RepoMirage addresses a critical blind spot in AI code agent evaluation. While tools like Claude and GPT-4 demonstrate strong performance on standard benchmarks like SWE-Bench, the research questions whether success reflects genuine repository reasoning or exploits superficial task patterns. The two-stage evaluation methodology is methodologically sound: initial perturbations expose context sensitivity, while extended tasks isolate structural understanding gaps.
The performance collapse from 66.8% to 25.3% is striking and reveals a fundamental architectural limitation.
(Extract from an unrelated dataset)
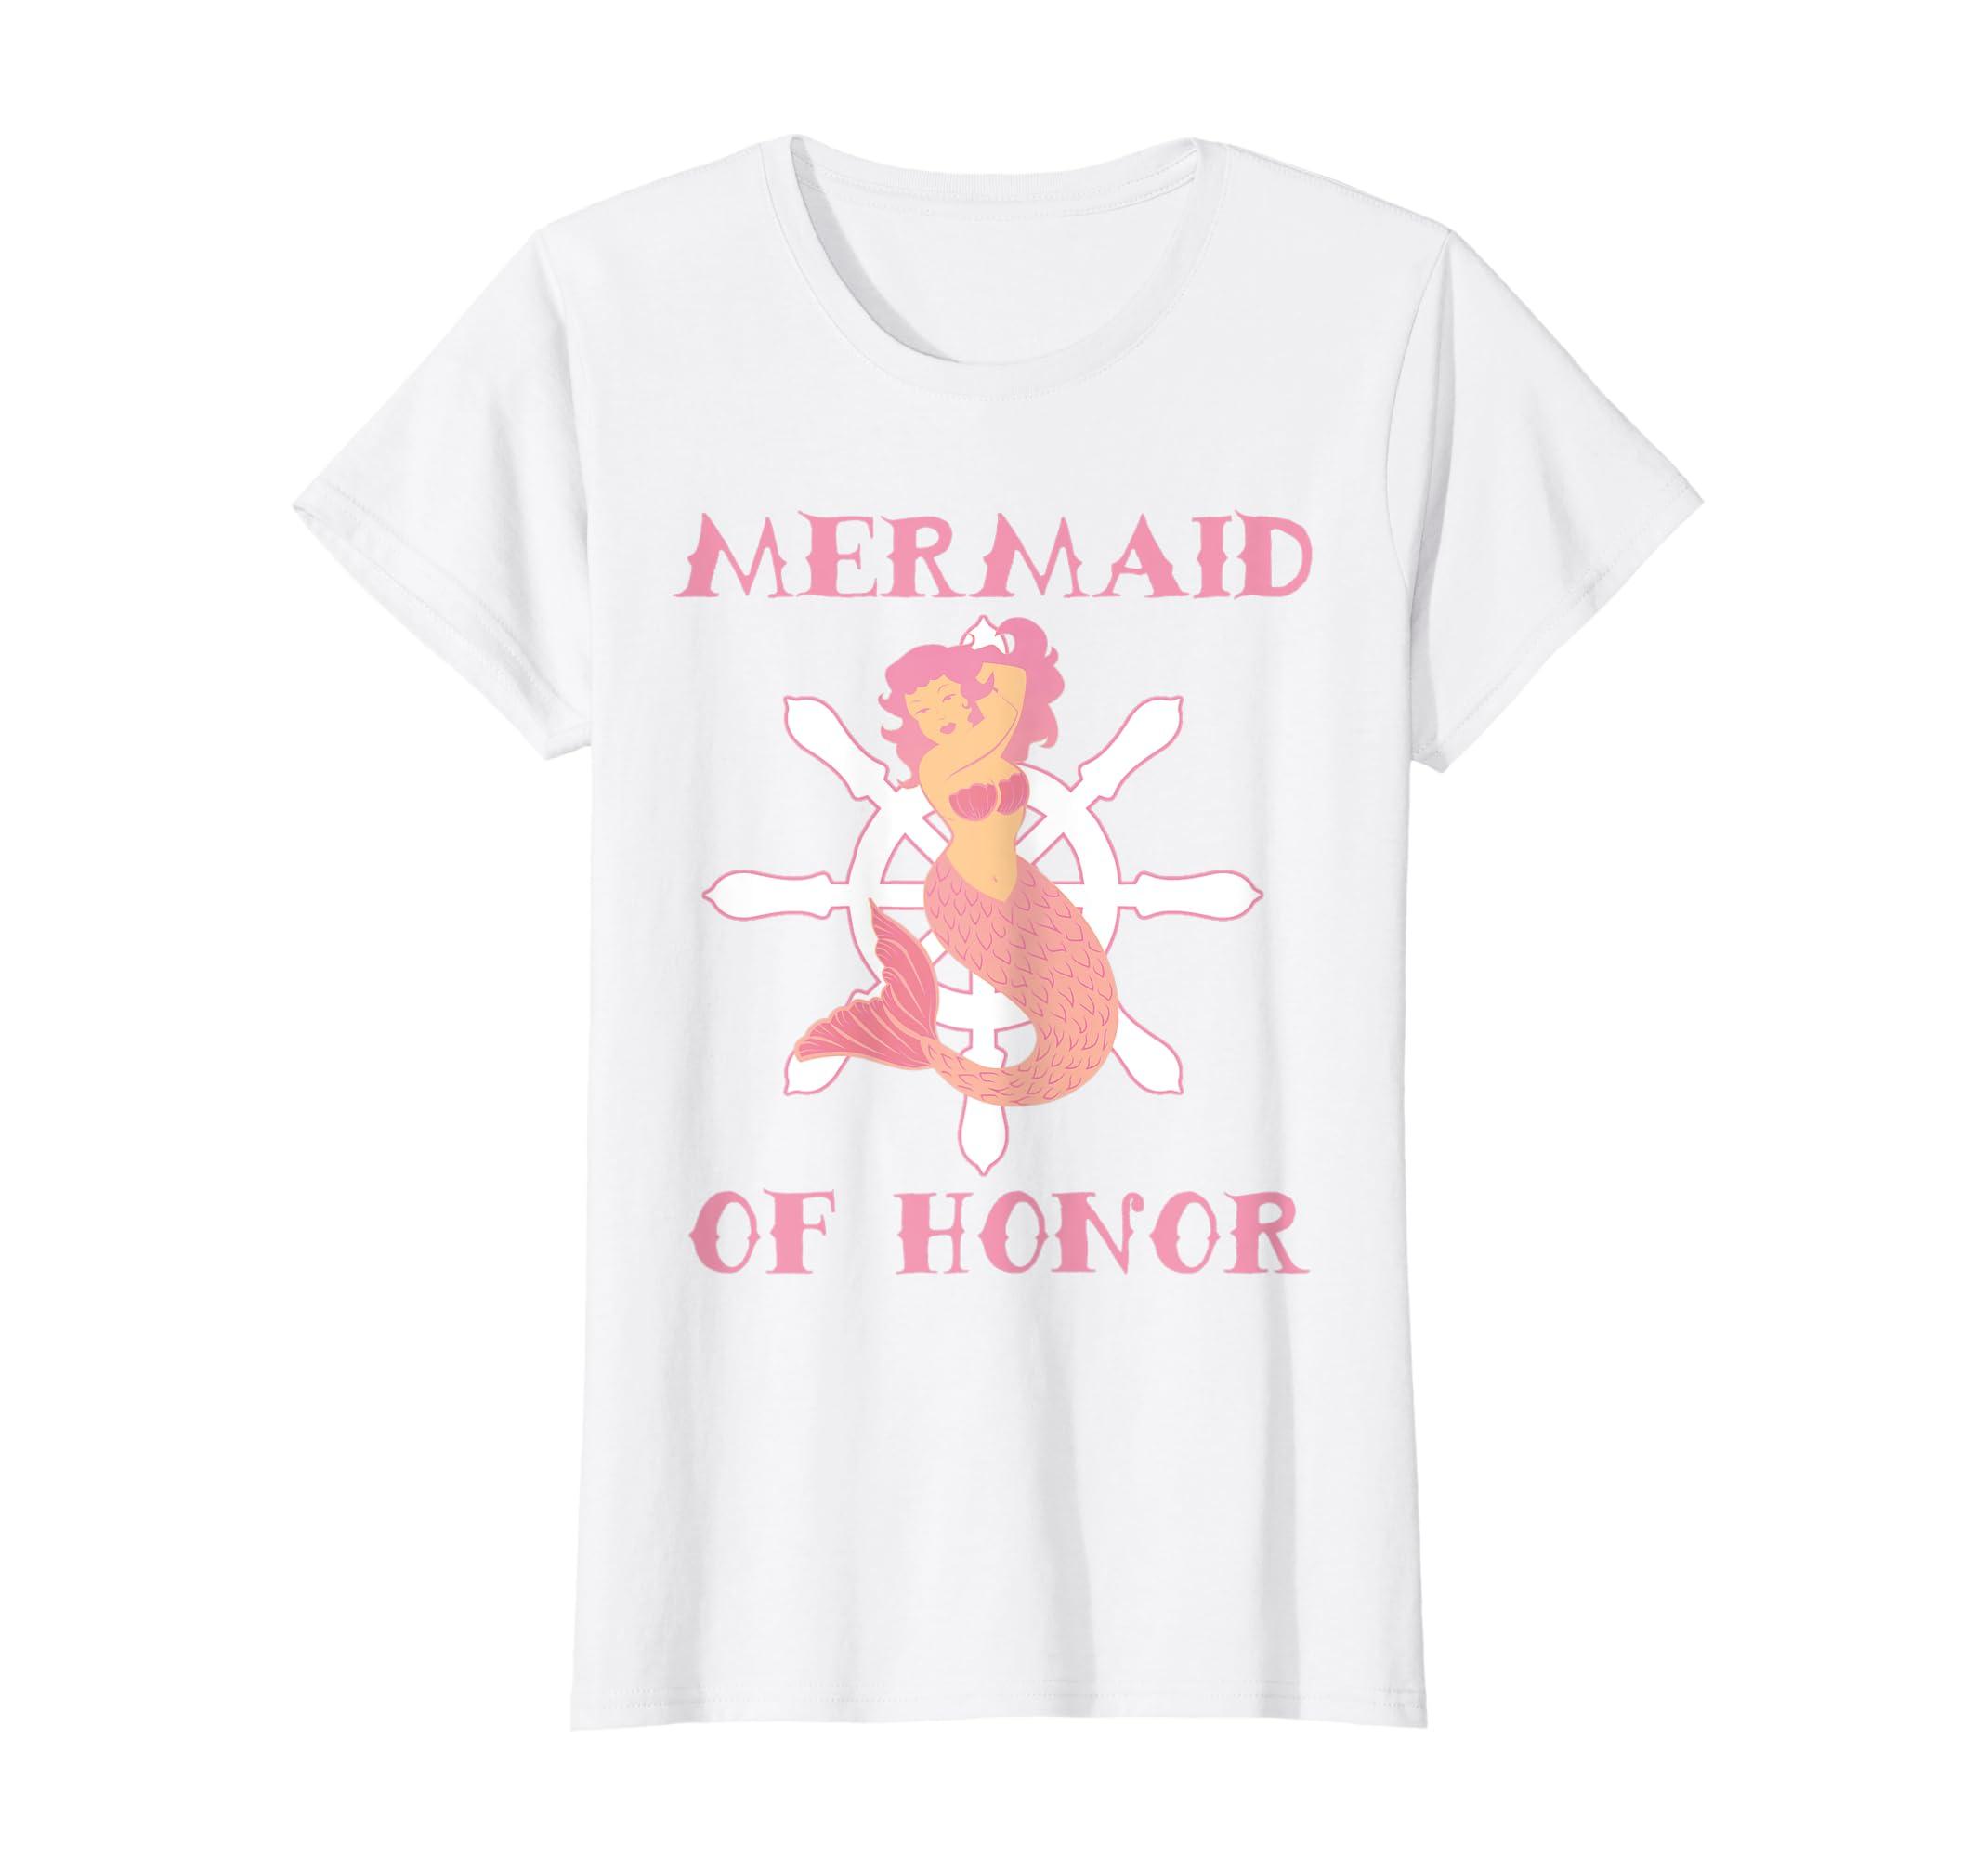 16f35d27 Amazon.com: Mermaid Graphic Tee Women Bridal Party Shirt: Clothing

Code agents access broader repository context but fail to synthesize it into actionable structure models. This exploration drift pattern suggests agents retrieve files without building coherent mental maps of codebase architecture, akin to reading documents without understanding their relationships.
The proposed RepoAnchor workflow—separating exploration from problem-solving—mirrors human developer practices where understanding architecture precedes implementation. This structure-first approach achieved notable gains, indicating the path forward involves explicit scaffolding rather than black-box scaling.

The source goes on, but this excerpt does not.